▶ _Work item_
Pick out the lines below with "Olive" and list them.

Extracted records: Begin

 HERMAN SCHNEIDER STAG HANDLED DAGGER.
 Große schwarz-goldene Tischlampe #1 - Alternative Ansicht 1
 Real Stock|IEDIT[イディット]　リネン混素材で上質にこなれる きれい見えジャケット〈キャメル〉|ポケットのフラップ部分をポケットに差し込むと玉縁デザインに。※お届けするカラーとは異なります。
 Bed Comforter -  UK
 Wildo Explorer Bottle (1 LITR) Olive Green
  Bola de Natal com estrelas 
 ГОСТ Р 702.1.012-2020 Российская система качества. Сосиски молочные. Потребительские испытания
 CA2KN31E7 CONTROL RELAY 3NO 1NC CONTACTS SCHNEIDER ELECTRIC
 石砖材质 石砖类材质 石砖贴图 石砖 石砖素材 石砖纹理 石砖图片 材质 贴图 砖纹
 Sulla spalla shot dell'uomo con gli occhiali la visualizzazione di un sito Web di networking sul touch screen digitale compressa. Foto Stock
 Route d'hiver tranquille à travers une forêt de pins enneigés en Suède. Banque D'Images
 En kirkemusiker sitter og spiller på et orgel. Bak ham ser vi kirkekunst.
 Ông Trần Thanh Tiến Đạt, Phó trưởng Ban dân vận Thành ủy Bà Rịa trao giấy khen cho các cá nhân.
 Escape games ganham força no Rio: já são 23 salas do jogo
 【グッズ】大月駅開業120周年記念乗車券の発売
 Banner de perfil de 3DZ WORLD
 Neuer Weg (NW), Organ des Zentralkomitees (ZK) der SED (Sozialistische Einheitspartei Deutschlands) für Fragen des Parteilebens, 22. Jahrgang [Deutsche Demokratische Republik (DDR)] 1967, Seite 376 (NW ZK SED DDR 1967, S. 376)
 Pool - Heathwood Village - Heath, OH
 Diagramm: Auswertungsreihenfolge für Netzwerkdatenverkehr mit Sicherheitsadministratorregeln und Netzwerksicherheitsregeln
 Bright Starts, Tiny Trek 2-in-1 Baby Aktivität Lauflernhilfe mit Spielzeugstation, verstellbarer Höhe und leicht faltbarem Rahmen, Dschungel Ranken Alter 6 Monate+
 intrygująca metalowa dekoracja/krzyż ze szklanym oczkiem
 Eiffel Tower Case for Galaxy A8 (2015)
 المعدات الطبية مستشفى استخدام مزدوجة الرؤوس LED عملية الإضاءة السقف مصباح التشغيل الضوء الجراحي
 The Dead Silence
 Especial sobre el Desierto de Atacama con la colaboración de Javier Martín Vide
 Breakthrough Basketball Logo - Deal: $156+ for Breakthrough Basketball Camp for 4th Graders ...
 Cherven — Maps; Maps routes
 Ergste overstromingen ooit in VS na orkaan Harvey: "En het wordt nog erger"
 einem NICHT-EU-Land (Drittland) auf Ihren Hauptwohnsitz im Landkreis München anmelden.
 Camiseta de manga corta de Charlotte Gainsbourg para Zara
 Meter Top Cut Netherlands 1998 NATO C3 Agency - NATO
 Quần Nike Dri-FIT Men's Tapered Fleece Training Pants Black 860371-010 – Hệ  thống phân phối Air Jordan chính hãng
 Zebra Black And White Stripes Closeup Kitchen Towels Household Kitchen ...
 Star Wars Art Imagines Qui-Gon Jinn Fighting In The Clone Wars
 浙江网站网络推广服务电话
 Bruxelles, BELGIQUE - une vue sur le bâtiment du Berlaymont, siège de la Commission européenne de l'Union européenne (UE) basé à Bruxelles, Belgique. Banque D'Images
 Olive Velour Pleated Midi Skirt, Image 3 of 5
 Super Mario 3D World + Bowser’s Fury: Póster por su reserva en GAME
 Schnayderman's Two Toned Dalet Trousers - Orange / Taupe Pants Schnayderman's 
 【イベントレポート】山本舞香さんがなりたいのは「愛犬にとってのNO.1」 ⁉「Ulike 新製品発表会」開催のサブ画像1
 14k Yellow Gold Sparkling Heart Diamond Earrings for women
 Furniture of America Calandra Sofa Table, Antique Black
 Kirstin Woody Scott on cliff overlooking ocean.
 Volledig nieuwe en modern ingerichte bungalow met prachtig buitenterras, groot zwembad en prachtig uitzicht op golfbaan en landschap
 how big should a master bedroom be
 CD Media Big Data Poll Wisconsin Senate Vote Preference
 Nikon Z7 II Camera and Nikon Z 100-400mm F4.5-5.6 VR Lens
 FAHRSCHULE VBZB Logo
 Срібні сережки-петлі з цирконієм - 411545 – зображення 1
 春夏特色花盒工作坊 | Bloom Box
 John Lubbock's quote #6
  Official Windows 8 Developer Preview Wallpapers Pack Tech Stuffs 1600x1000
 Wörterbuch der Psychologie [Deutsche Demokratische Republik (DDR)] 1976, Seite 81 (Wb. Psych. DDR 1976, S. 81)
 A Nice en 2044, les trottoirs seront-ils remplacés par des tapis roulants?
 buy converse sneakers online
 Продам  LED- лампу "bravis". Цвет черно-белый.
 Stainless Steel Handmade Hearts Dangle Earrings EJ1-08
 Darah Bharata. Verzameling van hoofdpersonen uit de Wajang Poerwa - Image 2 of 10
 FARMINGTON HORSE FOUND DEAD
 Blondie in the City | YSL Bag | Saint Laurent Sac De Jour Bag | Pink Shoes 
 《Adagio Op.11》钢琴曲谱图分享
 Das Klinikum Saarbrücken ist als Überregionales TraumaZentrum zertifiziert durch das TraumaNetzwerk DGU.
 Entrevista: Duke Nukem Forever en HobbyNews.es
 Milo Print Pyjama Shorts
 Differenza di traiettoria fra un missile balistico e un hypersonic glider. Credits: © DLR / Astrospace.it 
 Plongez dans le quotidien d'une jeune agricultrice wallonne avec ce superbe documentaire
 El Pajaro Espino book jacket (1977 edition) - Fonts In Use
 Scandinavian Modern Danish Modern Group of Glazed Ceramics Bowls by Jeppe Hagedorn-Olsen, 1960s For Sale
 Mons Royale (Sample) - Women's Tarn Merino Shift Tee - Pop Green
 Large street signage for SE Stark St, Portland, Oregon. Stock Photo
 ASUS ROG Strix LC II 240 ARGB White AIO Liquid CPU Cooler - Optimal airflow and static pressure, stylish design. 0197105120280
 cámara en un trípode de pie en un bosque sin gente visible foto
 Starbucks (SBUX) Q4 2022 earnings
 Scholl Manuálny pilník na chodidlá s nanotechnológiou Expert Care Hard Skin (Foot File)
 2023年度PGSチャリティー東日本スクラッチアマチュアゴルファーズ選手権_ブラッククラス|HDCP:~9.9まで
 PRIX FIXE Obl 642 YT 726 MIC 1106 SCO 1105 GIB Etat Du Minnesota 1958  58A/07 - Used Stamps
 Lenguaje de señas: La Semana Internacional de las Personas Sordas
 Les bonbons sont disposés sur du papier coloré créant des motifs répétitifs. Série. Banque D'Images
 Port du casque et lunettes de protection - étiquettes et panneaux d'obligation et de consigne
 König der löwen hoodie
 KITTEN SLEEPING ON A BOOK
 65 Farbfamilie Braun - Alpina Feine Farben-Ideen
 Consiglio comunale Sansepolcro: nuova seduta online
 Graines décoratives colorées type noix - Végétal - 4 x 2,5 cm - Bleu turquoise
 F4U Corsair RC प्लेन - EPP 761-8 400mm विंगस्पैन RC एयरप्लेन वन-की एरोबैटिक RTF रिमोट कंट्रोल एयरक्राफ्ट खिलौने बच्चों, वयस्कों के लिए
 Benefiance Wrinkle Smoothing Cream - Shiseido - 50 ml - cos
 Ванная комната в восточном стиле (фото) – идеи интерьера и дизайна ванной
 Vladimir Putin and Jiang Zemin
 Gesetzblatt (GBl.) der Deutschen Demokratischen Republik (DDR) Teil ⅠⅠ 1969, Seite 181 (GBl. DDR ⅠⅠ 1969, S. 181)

Extracted records: End

▶ _Worked solution_
 Wildo Explorer Bottle (1 LITR) Olive Green
 Olive Velour Pleated Midi Skirt, Image 3 of 5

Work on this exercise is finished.